**SOURCE DATA:**
----
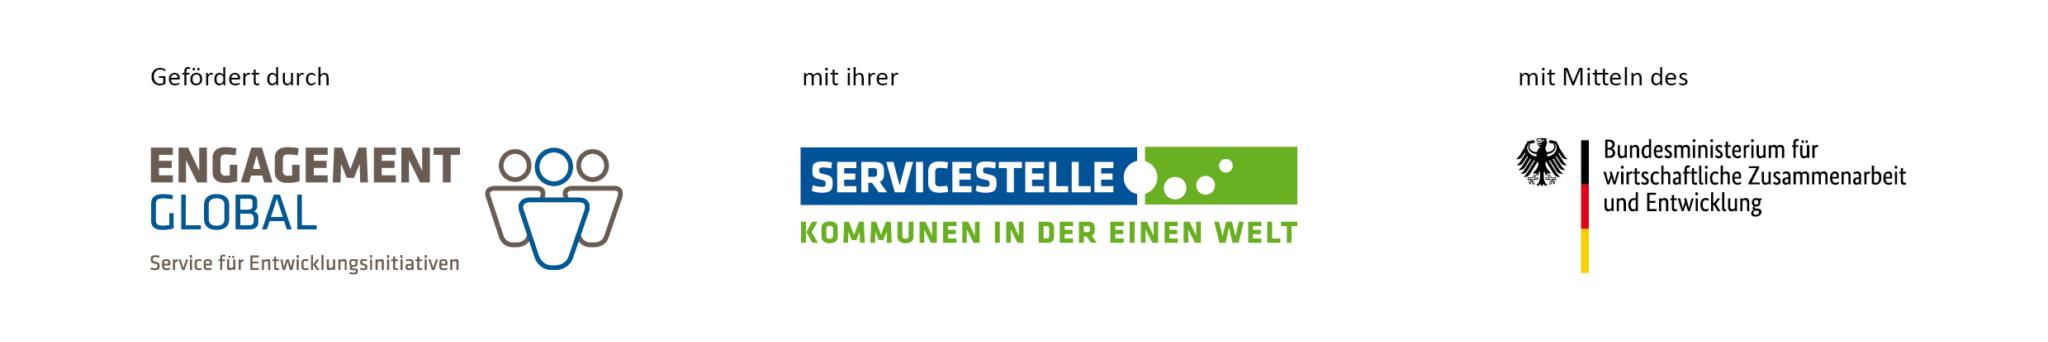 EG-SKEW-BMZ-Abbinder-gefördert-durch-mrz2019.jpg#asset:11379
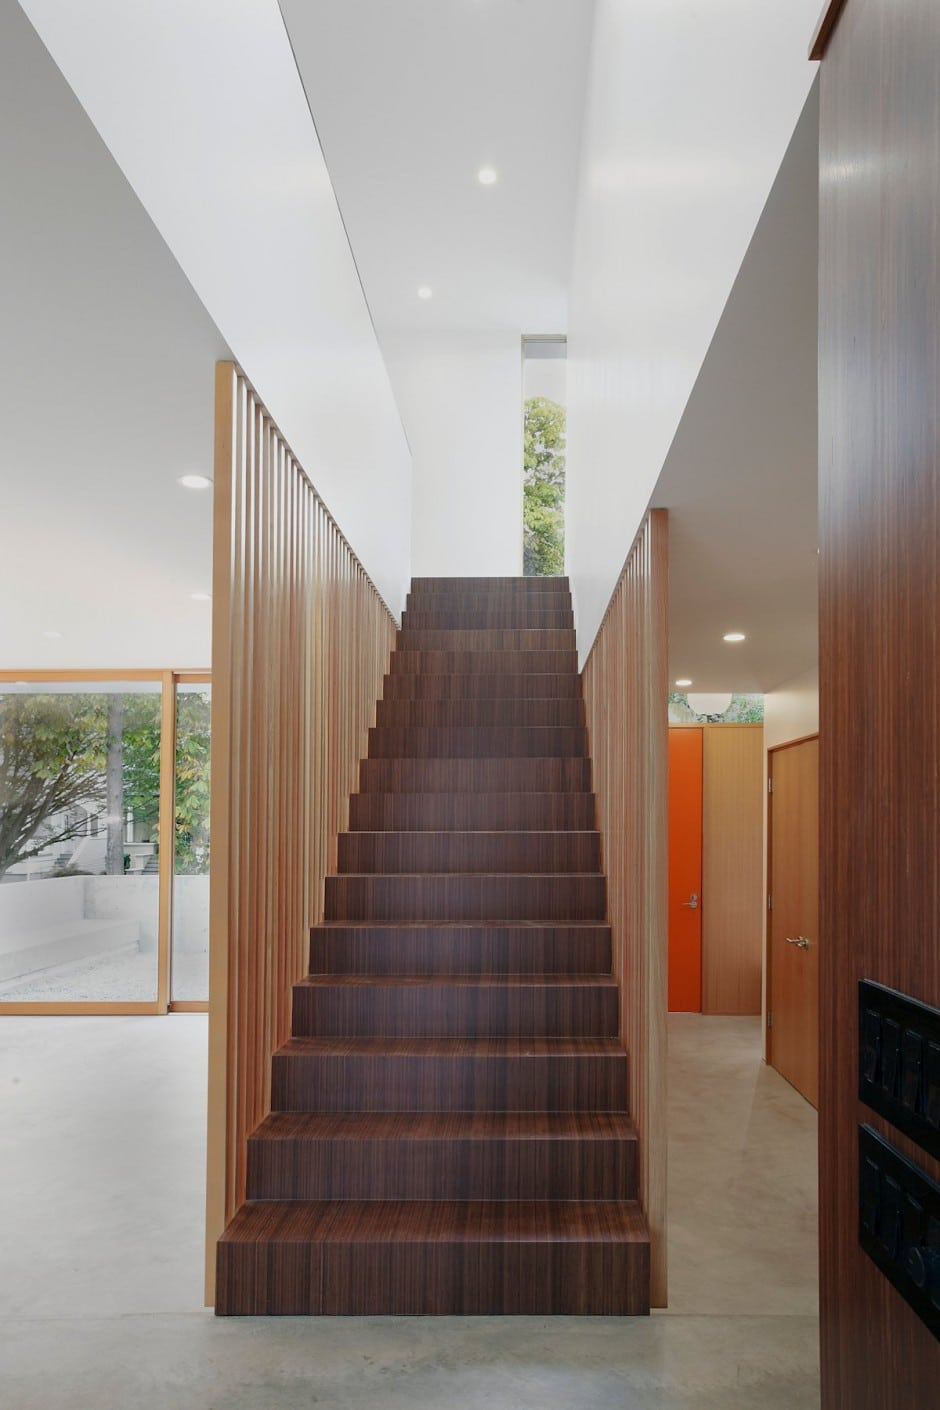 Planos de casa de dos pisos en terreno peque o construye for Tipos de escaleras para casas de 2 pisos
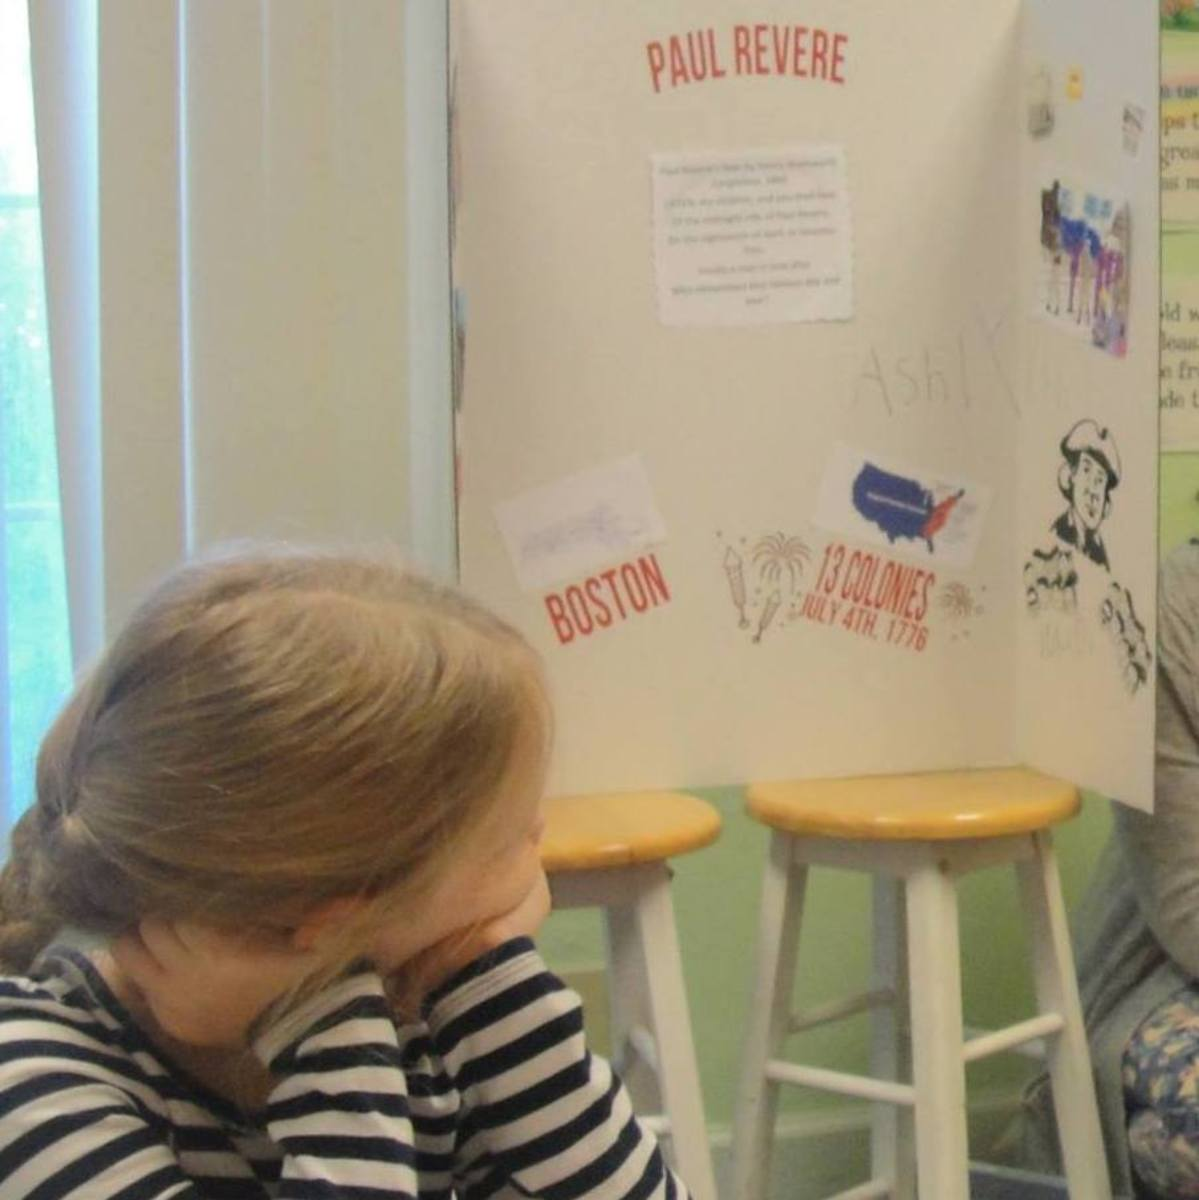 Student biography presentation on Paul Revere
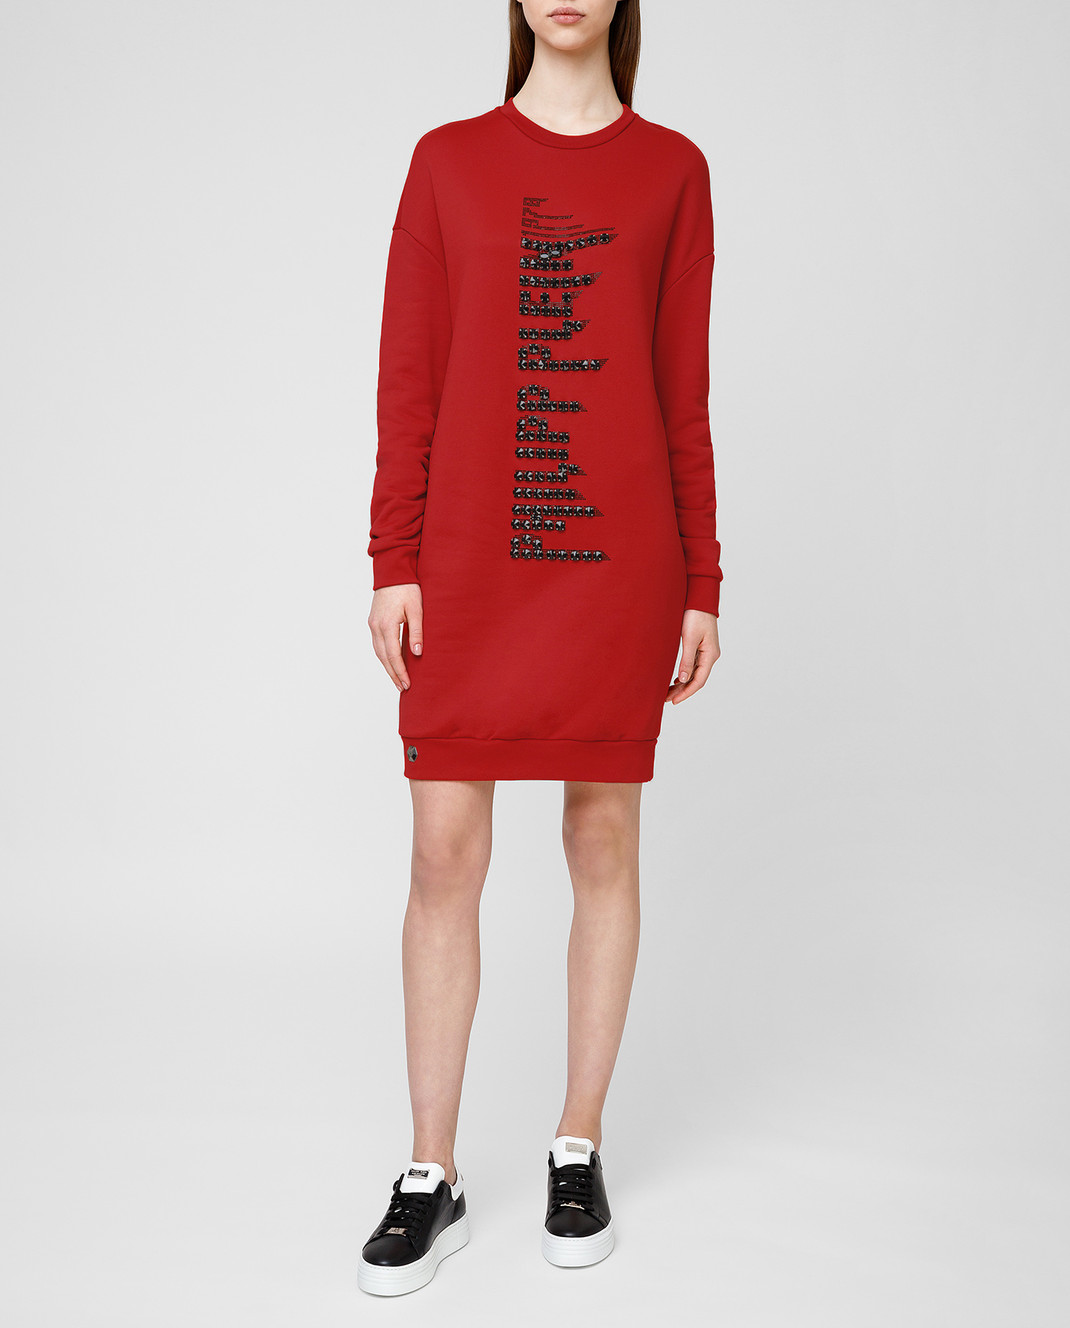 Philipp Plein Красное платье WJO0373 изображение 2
----
**ASSIGNMENT:** Reproduce the final stretch of lines exactly: the line containing "Planos de casa" through the last line of the data, both included. Pictures do not belong in the copy.

**THE ANSWER:**
 Planos de casa de dos pisos en terreno peque o construye for Tipos de escaleras para casas de 2 pisos
 Student biography presentation on Paul Revere
 Philipp Plein Красное платье WJO0373 изображение 2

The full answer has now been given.